可以理解的是,上述提供的任一种浮点数据精度转换装置、芯片系统、计算机可读存储介质或计算机程序产品等均可以应用于上文所提供的对应的方法,因此,其所能达到的有益效果可参考对应的方法中的有益效果,此处不再赘述。
本申请的这些方面或其他方面在以下的描述中会更加简明易懂。
附图说明
图1为本申请实施例提供的一种IEEE754浮点数据格式图;
图2为本申请实施例提供的一种浮点数据精度转换方法或装置应用的系统或设备示意图;
图3为本申请实施例提供的一种SLC的结构示意图;
图4为本申请实施例提供的一种浮点数据精度转换方法的流程图;
图5为本申请实施例提供的一种随机舍入方式的结构示意图;
图6为本申请实施例提供的一种远离0进位舍入方式的流程图;
图7为本申请实施例提供的另一种浮点数据精度转换方法的流程图;
图8为本申请实施例提供的另一种浮点数据精度转换方法的流程图;
图9为本申请实施例提供的一种FP32数据转换为HiFloat8数据的流程图;
图10为本申请实施例提供的一种电子设备的结构示意图。
具体实施方式
为了便于理解,示例的给出了部分与本申请实施例相关概念的说明以供参考。如下所示:
标量计算单元,针对标量计算的电路称为标量计算单元,其中,标量又称纯量,只有大小,没有方向。标量计算多用于通用计算,在中央处理器(Central Processing Unit,CPU)多级流水线的执行单元(Execution Unit,EXU)部分和其他类似功能的处理器的标量计算部分,可以嵌入基于HiFloat数据格式的算数逻辑单元(Arithmetic Logic Unit,ALU)。

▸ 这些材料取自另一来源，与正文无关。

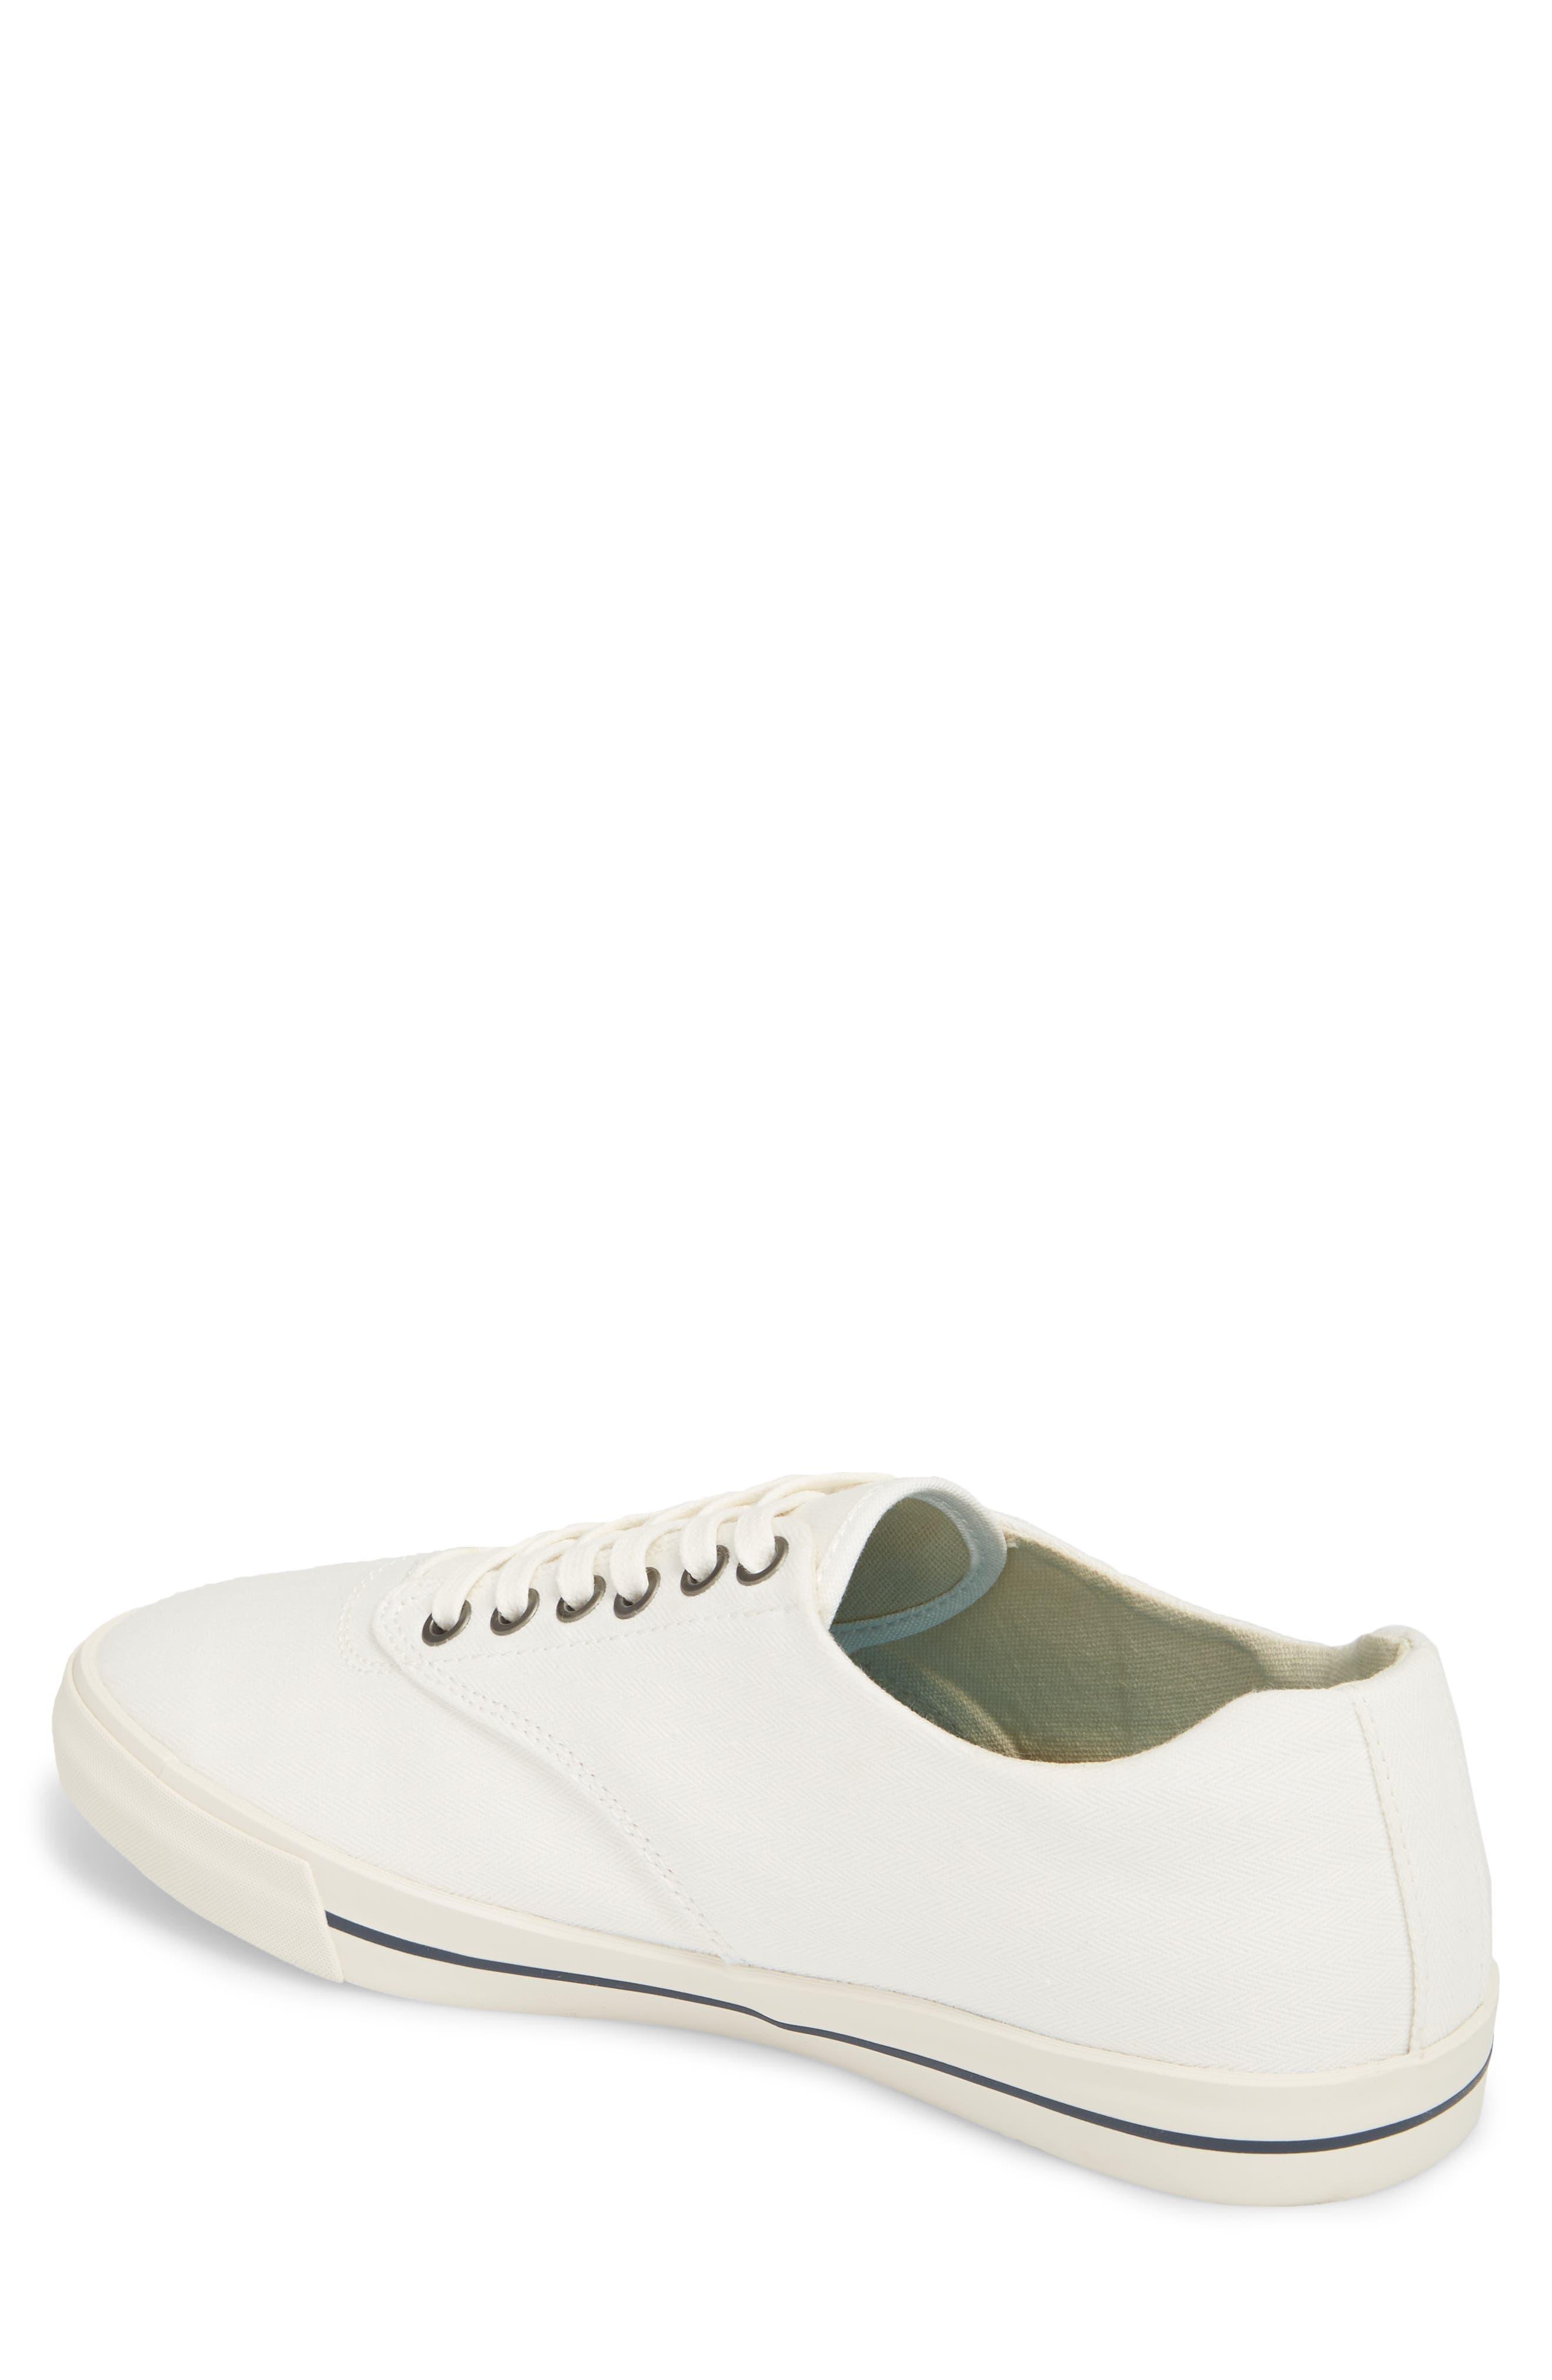 Hermosa Plimsoll Sneaker,                             Alternate thumbnail 2, color,                             BLEACH WHITE

向量计算单元,针对向量计算而特殊设计的具有一定并行度的计算单元,如单指令多数据流(Single Instruction Multiple Data,SIMD)处理机,其中,向量又称矢量,通常指长度大于1的一维数组。向量计算单元多用于HPC和AI机器学习等领域,包括如线性规划、傅里叶变换、滤波计算以及线性代数、偏微分方程、积分等数学问题的求解。在向量计算加速单元或向量处理机中,可以嵌入基于HiFloat数据格式的算数执行单元(Vector Unit)。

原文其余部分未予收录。